The OS actions start with the execution of an interrupt (or trap)
handler, the page fault (PF) handler. The OS marks the page-faulted process
as being blocked, and initiates a disk read
operation to fetch the page into main memory. The PF handler may do
some of this work directly, or it may wake up a pager process and let
that process do the work. (What are the arguments for each of these
two alternatives? Is there a middle ground?)
At some point the PF handler will call the dispatcher,
so that some other process can use the CPU while the disk is busy.
When the disk subsystem (what is included in the disk subsystem?)
has brought the page into memory, it interrupts the CPU again. The
disk I/O interrupt handler, or a pager process that it wakes up,
updates the page table in memory, and marks the page-faulted process
as being ready.
Eventually, the dispatcher will resume execution of the
page-faulted process. It will reissue the instruction that
caused the page fault.

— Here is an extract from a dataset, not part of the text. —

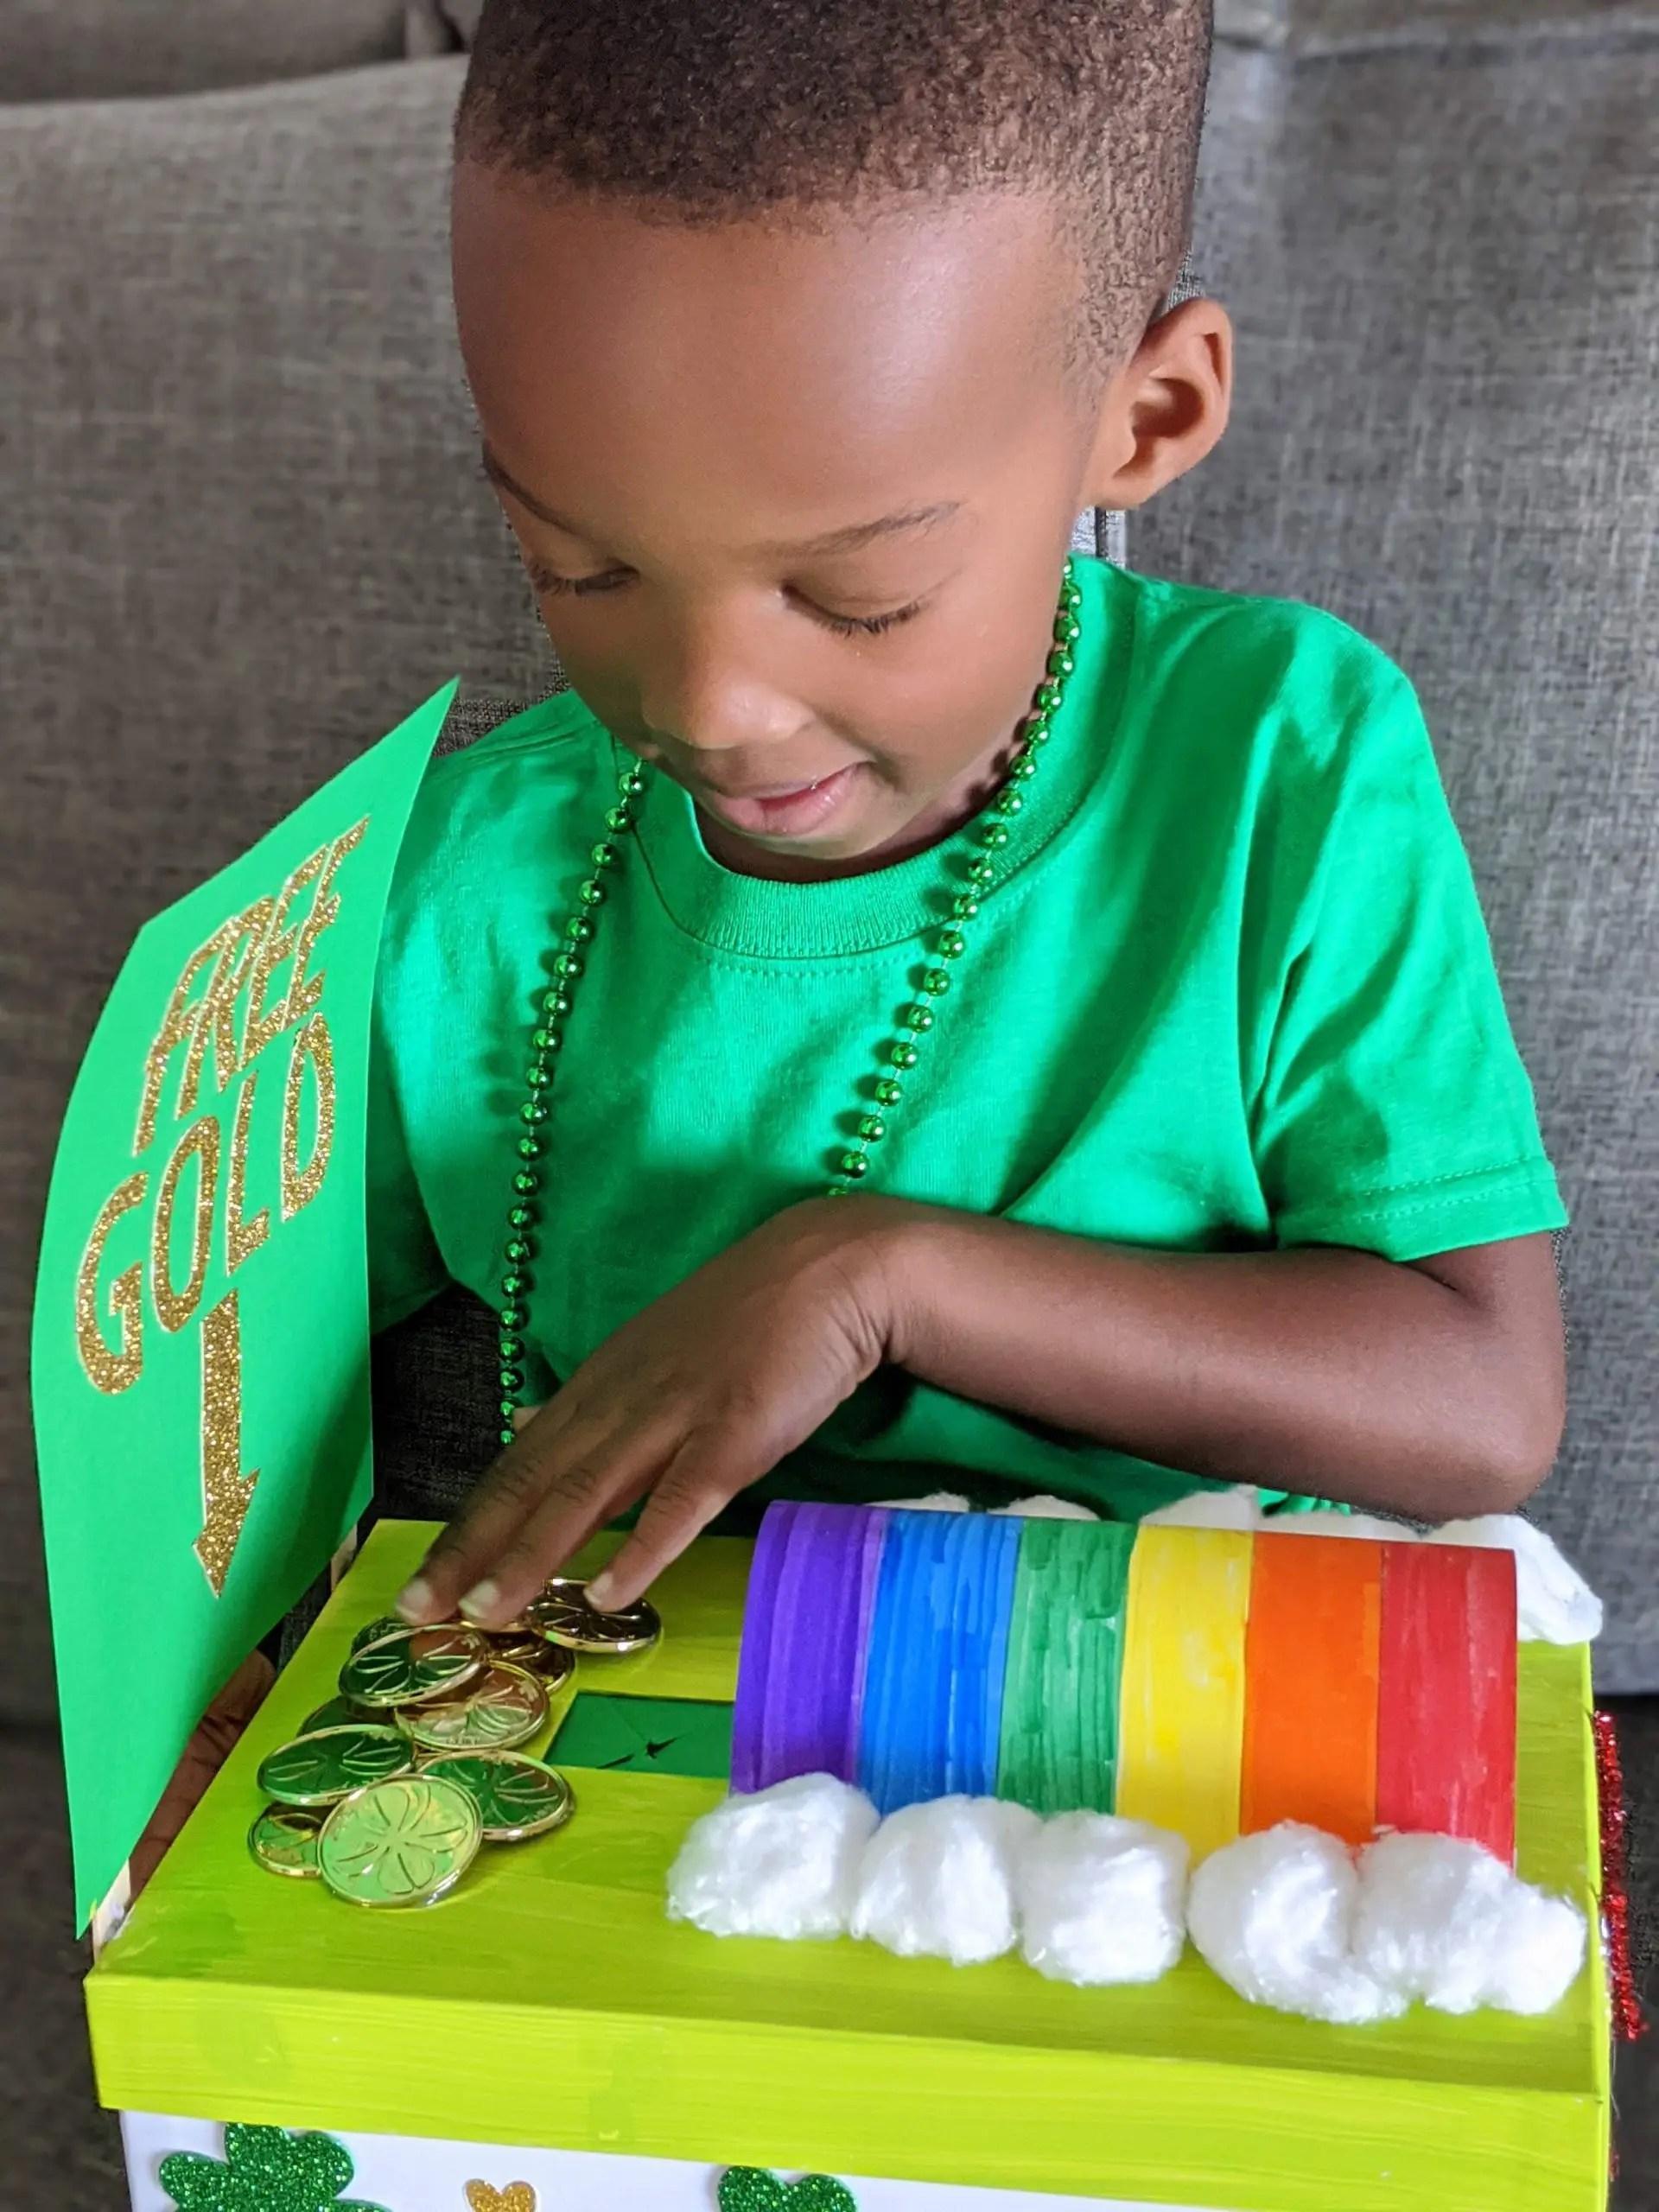 preschooler holding leprechaun trap

This time the TLB will succeed in
fetching the page table entry from memory, and the operation
of the TLB will proceed as in the preceding figure, i.e.,
there will be a TLB fault, the page table will entry will
be fetched, the TLB will be updated, and finally the
CPU
After all this, the system is back at the point of the original TLB
fault, which led to the page fault. It is clear that the OS does
quite a bit of work to handle each page fault. It follows that we
cannot afford to have page faults very often.
In particular, it would be disastrous if the OS code for handling a
page fault itself were to cause a page fault! If it did, the system
could get into an infinite cycle of page faults. For this reason, the
code that handles page faults is kept permanently in main memory.
(However, it is possible that some of the processing by the
OS for a page fault may generate further page faults. In particular,
this may be the case if the page table itself is paged.)
Page Size Performance Trade-Offs
Smaller page size | => | less internal fragmentation |
Smaller page size | => | fewer page faults |
Larger page size | => | more disk I/O efficiency |
Larger page size | => | smaller page tables |
| => | fewer pages per process |
| => | fewer TLB misses, fewer secondary page faults |
Graph (a) shows the general effect of increasing the page
size. I think this is a little bit misleading, since it is not clear
from the figure what assumptions are being made about the
number of page frames assigned to the process. The explanation
for the increase on the left edge of the chart is that as the
page size increases the probability of having the entire "working set"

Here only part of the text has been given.